Records provided START

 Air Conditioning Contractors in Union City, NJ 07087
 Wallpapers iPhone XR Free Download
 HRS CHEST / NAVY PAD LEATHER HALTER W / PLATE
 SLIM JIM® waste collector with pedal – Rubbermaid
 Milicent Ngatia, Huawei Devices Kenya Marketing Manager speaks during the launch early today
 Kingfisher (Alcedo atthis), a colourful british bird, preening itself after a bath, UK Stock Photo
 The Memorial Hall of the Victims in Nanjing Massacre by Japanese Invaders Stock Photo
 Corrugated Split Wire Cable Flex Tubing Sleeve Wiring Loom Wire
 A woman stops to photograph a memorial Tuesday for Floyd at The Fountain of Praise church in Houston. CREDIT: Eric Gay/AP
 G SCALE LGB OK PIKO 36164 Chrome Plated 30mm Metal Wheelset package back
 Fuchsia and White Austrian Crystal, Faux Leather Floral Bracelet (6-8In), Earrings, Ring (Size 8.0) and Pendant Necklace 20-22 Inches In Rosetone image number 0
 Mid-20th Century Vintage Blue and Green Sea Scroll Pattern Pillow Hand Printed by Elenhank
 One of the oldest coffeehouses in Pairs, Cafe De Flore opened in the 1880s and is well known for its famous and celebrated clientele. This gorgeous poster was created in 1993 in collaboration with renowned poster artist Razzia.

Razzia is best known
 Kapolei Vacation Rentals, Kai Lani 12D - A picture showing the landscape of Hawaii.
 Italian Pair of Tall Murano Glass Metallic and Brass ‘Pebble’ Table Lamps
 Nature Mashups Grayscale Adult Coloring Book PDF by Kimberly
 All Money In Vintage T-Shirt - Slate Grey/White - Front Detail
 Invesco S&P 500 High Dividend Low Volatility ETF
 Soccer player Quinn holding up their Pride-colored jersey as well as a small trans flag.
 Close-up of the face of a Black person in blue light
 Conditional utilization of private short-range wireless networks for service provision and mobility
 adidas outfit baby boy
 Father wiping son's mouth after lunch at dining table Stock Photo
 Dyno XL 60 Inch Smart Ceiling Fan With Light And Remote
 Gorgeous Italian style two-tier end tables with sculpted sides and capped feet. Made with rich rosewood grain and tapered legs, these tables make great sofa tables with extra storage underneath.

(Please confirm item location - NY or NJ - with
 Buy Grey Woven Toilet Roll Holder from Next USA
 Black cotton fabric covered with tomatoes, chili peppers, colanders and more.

Records provided END

### Exercise instructions
Repeat back the data above, exact to the last character.

### Solved problem
 Air Conditioning Contractors in Union City, NJ 07087
 Wallpapers iPhone XR Free Download
 HRS CHEST / NAVY PAD LEATHER HALTER W / PLATE
 SLIM JIM® waste collector with pedal – Rubbermaid
 Milicent Ngatia, Huawei Devices Kenya Marketing Manager speaks during the launch early today
 Kingfisher (Alcedo atthis), a colourful british bird, preening itself after a bath, UK Stock Photo
 The Memorial Hall of the Victims in Nanjing Massacre by Japanese Invaders Stock Photo
 Corrugated Split Wire Cable Flex Tubing Sleeve Wiring Loom Wire
 A woman stops to photograph a memorial Tuesday for Floyd at The Fountain of Praise church in Houston. CREDIT: Eric Gay/AP
 G SCALE LGB OK PIKO 36164 Chrome Plated 30mm Metal Wheelset package back
 Fuchsia and White Austrian Crystal, Faux Leather Floral Bracelet (6-8In), Earrings, Ring (Size 8.0) and Pendant Necklace 20-22 Inches In Rosetone image number 0
 Mid-20th Century Vintage Blue and Green Sea Scroll Pattern Pillow Hand Printed by Elenhank
 One of the oldest coffeehouses in Pairs, Cafe De Flore opened in the 1880s and is well known for its famous and celebrated clientele. This gorgeous poster was created in 1993 in collaboration with renowned poster artist Razzia.

Razzia is best known
 Kapolei Vacation Rentals, Kai Lani 12D - A picture showing the landscape of Hawaii.
 Italian Pair of Tall Murano Glass Metallic and Brass ‘Pebble’ Table Lamps
 Nature Mashups Grayscale Adult Coloring Book PDF by Kimberly
 All Money In Vintage T-Shirt - Slate Grey/White - Front Detail
 Invesco S&P 500 High Dividend Low Volatility ETF
 Soccer player Quinn holding up their Pride-colored jersey as well as a small trans flag.
 Close-up of the face of a Black person in blue light
 Conditional utilization of private short-range wireless networks for service provision and mobility
 adidas outfit baby boy
 Father wiping son's mouth after lunch at dining table Stock Photo
 Dyno XL 60 Inch Smart Ceiling Fan With Light And Remote
 Gorgeous Italian style two-tier end tables with sculpted sides and capped feet. Made with rich rosewood grain and tapered legs, these tables make great sofa tables with extra storage underneath.

(Please confirm item location - NY or NJ - with
 Buy Grey Woven Toilet Roll Holder from Next USA
 Black cotton fabric covered with tomatoes, chili peppers, colanders and more.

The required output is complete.